The letters “Orn AMEN Tund VERB Rechen” are stenciled across Caspar David Friedrich’s iconic “Wanderer above the Sea of Fog” making the point that language itself is the new sublime. Where the Romantic artists and poets found inspiration in the overpowering turbulence of the natural world, Geers feels lost in the vertiginous incommensurability of meaning today. With the rise of Fake News and Social Media words neither console our spirit nor are they adequate to express the horrors of experience today. Edmond Burke defined the sublime as “that state of the soul, in which all its motions are suspended, with some degree of horror” and “terror is in all cases whatsoever, either more openly or latently, the ruling principle of the sublime.” In today’s context, the sublime is the failure of language to express the truth.

This collapse of meaning is not limited to language in the form of words, but all cultural expression including Art History. The very definitions of art as we understood them has been are no longer of any consequence as fashion and design merge and blend with street culture and luxury branding. For this reason Geers interrogates our Art Historical canons with the same black humour as he breaks down words with contra-diction. Barbara Kruger, Bruce Nauman, Sol LeWitt, Matisse, Picasso and Marcel Duchamp are all culturally upcycled and aesthetically repurposed. The artist flips the Dutch art historical language upon its head with a Post-Colonialtwist and the cut flowers are re-framed against the backdrop of climate change and the proliferation of borders and rise of socialmedia boundaries. He believes that the cut flowers of the classic Still Life painting tradition might be the most precise symbol of our times because the flowers have been severed from their roots and are both still alive and also dying at the same time. Their beauty is also the reason why they are dying.

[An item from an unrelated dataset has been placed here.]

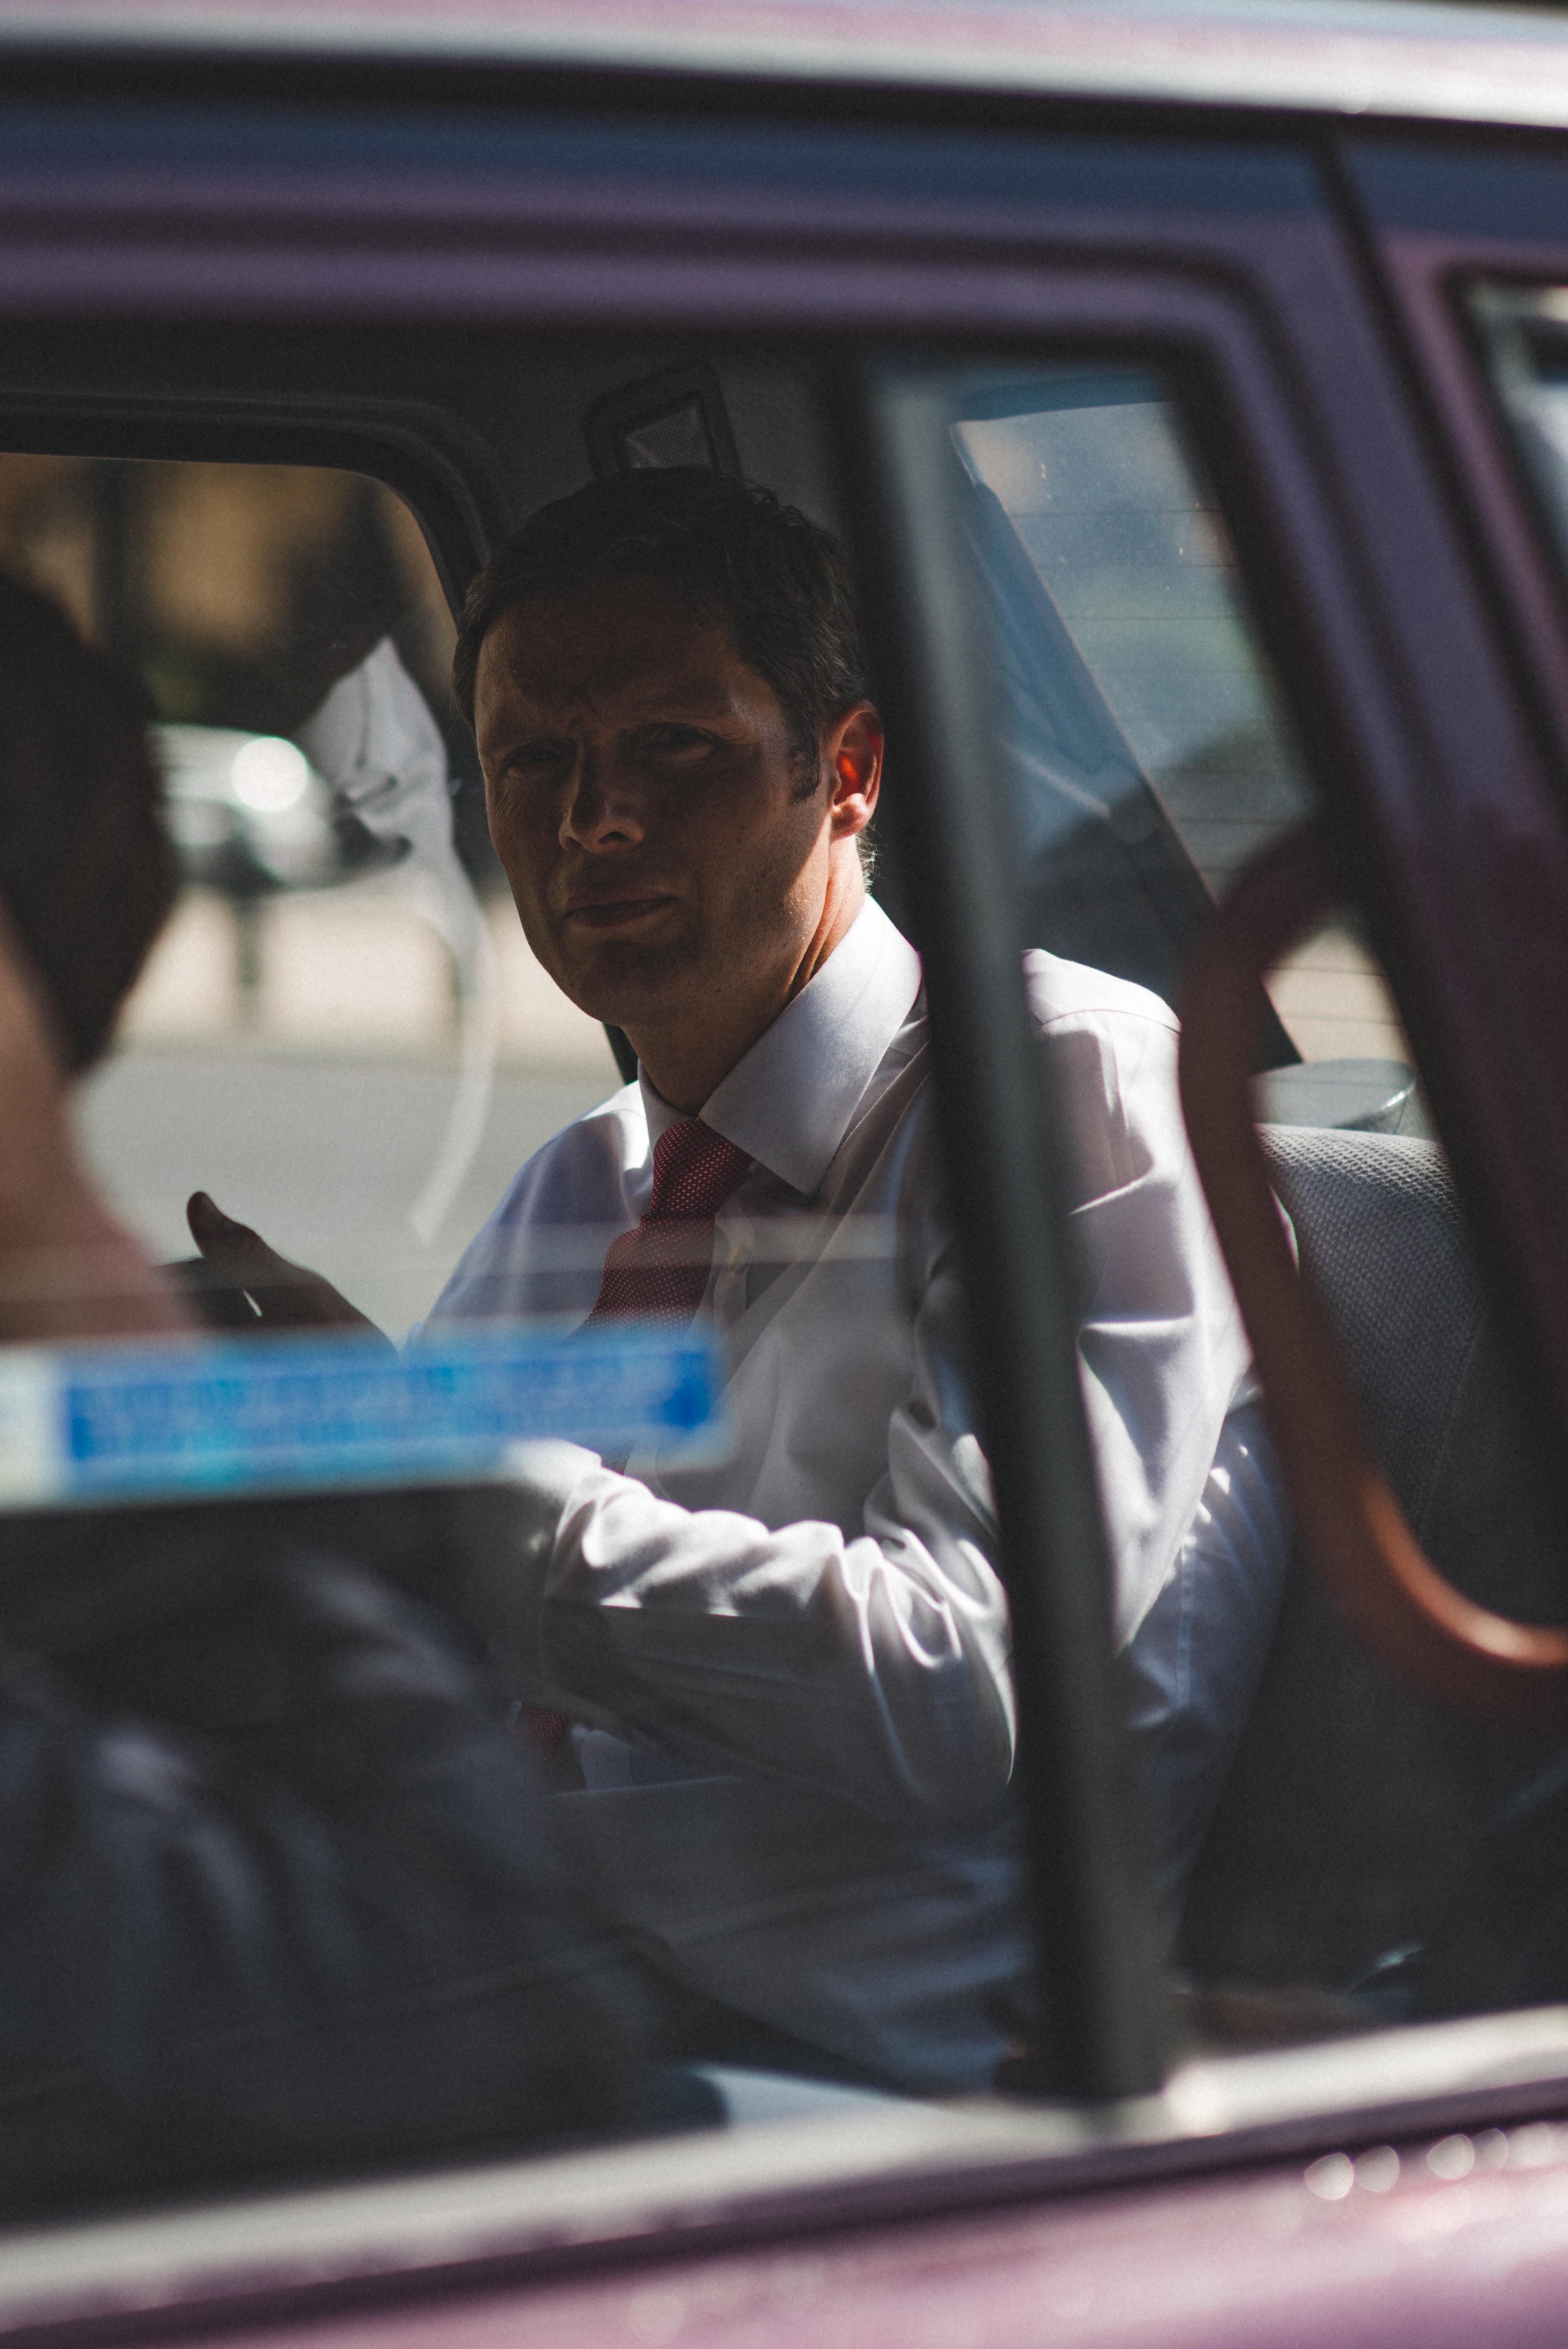 man in white dress shirt sitting inside vehicle

“Coining the term AniMystikAKtivist to describe his confrontational approach, Geers combines socio-political activism with animism, mysticism and dark humour to examine the complex relationship between his native Africa and Europe, the home of his ancestors. Since the 1980s, his acerbic works have tackled issues of identity, racism, violence and social justice, reflecting his disgust at the abusive apartheid regime he witnessed in his youth. Addressing his identity as a white South African, this sculpture comprises broken Heineken beer bottles hanging from a replica of Bottle Rack, 1914 – an early readymade by Marcel Duchamp (1887-1968) – in reference to Geers’ 17th Century origins in the Netherlands (where Heineken is produced and exported). The jagged glass speaks to the violence his colonial ancestry fomented in Africa and also his own broken sense of self-identity. Employing the term ‘Lost Object’ to oppose Duchamp’s ‘Found Object’, Geers likens the French artist’s erasure of history and context in his readymades to the colonisers’ disregard for indigenous history and culture – a scathing critique of colonialism and the art establishment.” (African Artists: From 1882 to Now, Phaidon)

OrnAMENtundVERBrechen” is a call to arms, but instead of bullets, love, like art, is a weapon of transformation because “Art Changes the World – One Perception at a Time”

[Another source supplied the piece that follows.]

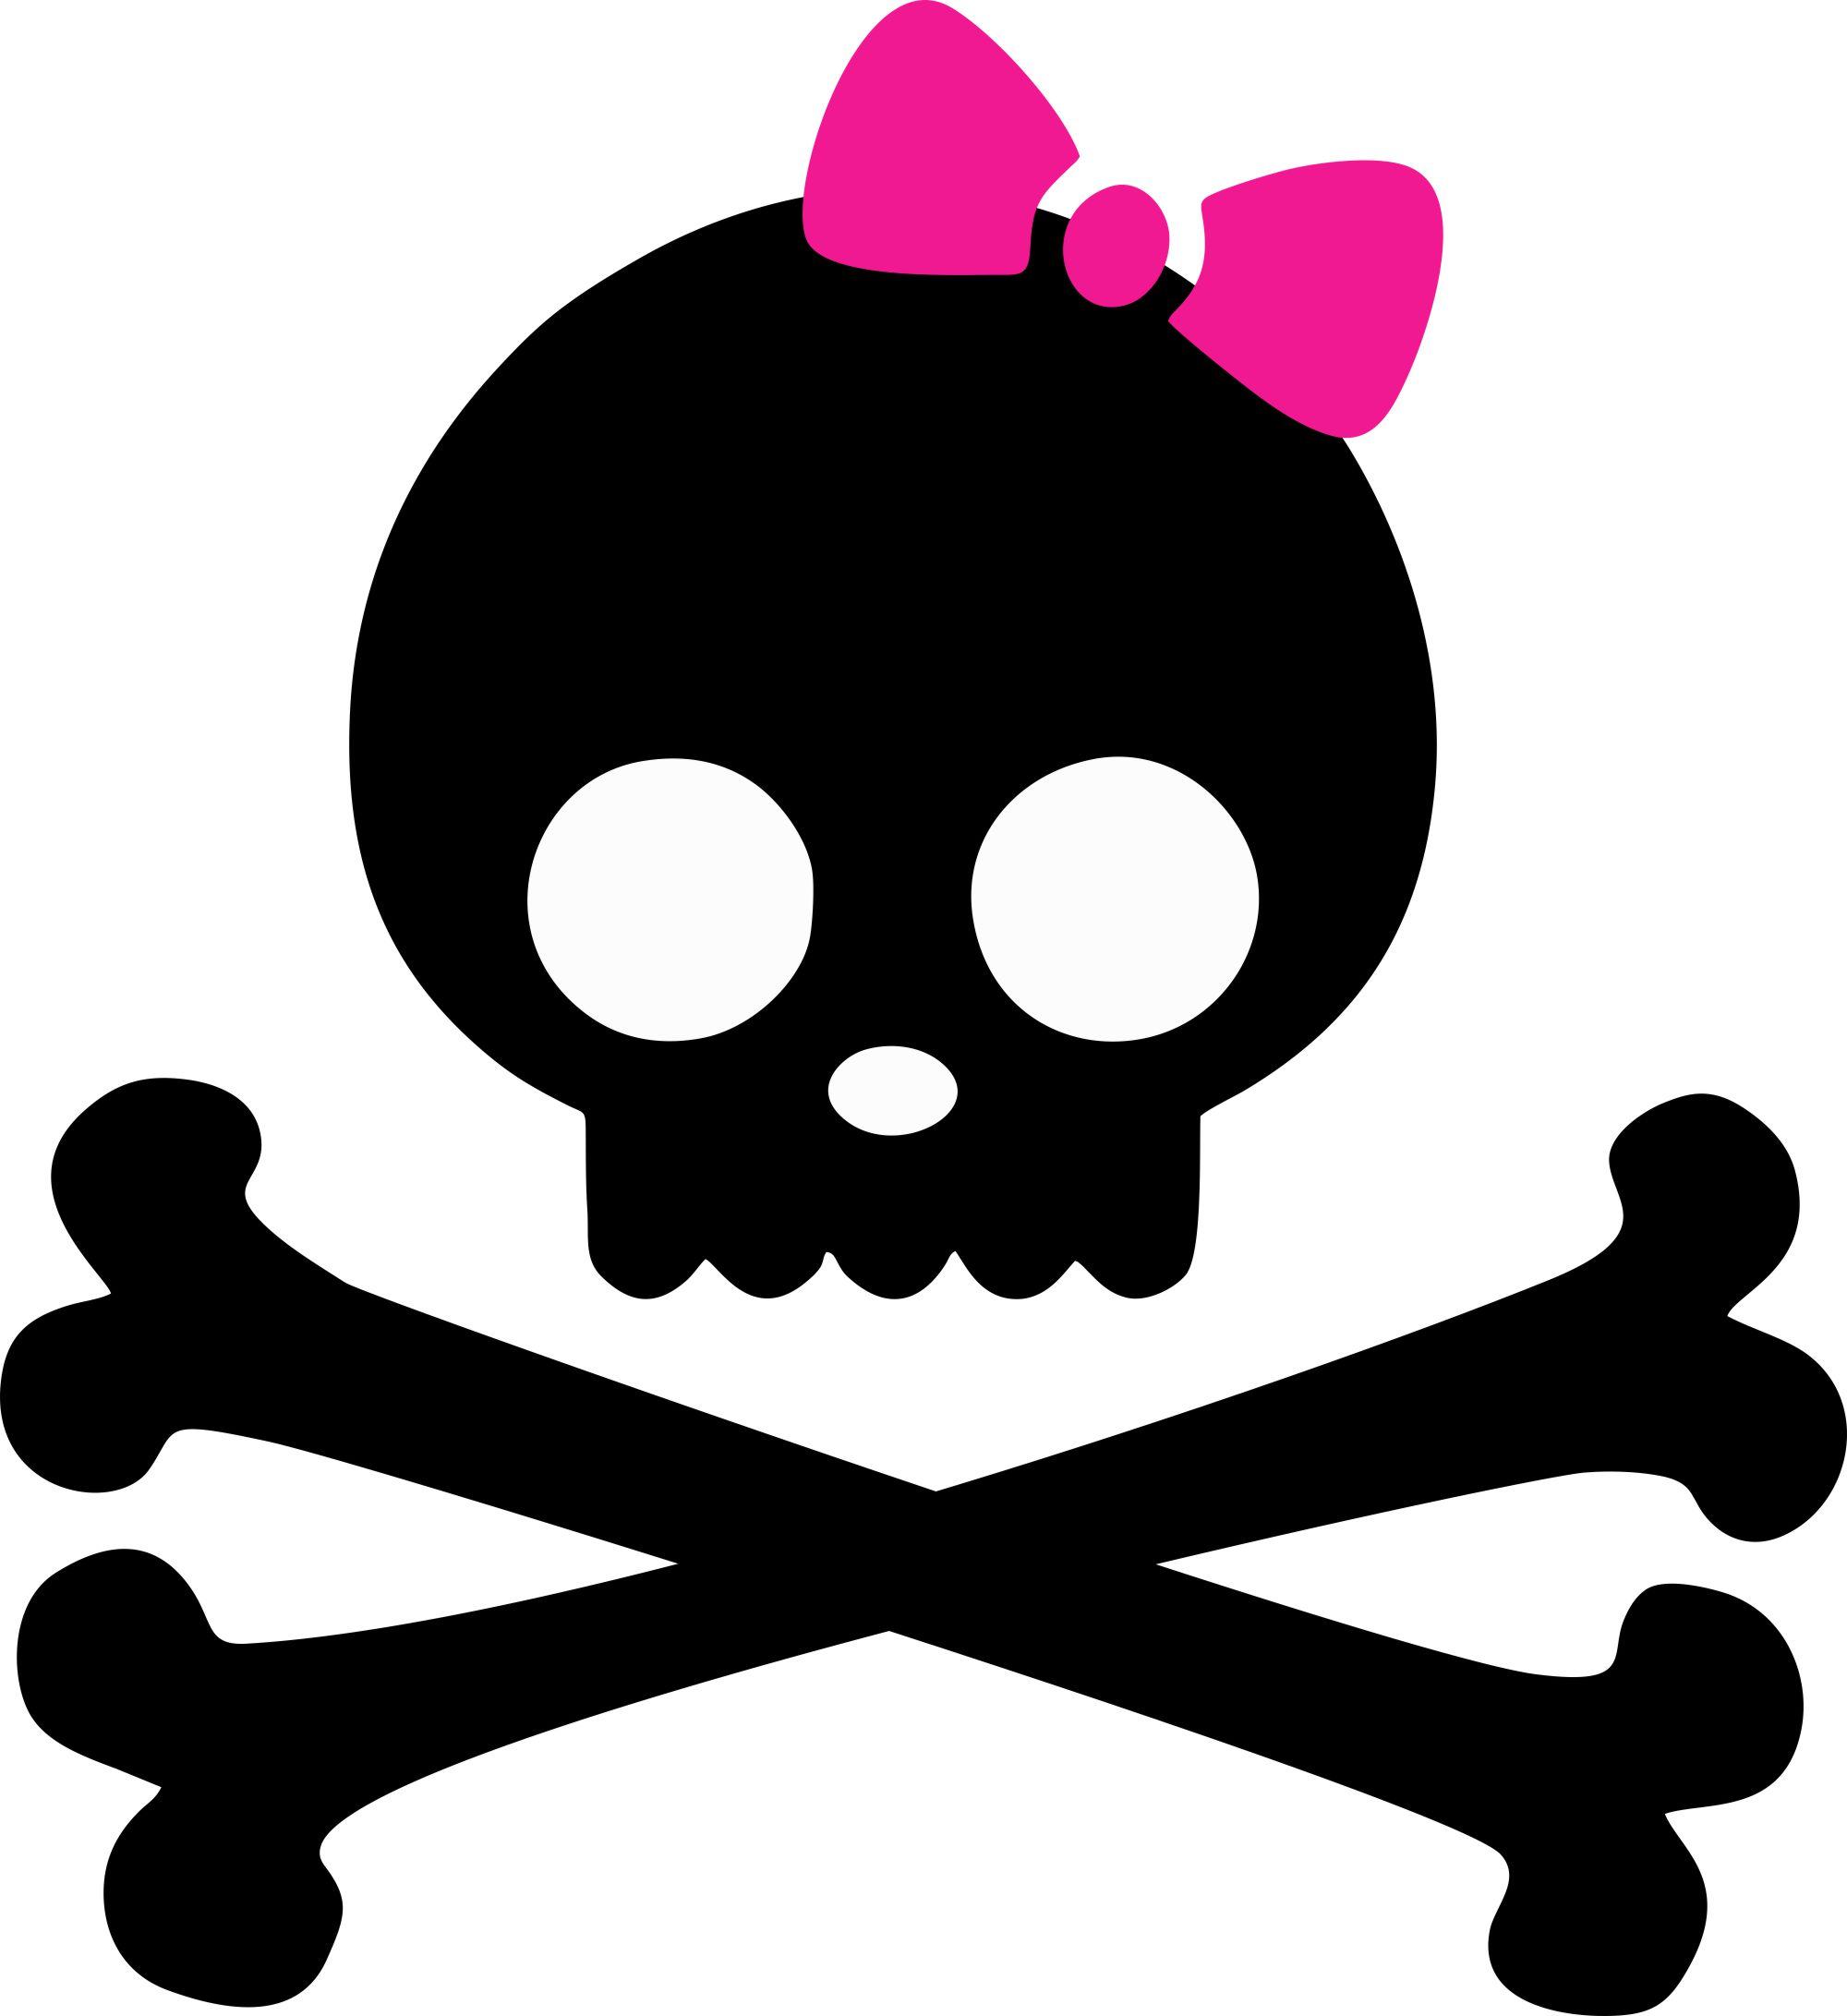 Skull And Crossbones Pink-Skull And Crossbones Pink-11

Kendell Geers believes art should be both political and spiritual, expressing the raw energy of a punk attitude with the visceral visionary philosophy of poets like Rimbaud, Blake and Burroughs in a lethal cocktail of unexpected contrasts. In protest against the materialism of our age ruled by economic prejudice and political expedience, he proposes an art of spiritual transformation because he believes that Art holds the key to the difficult questions of healing.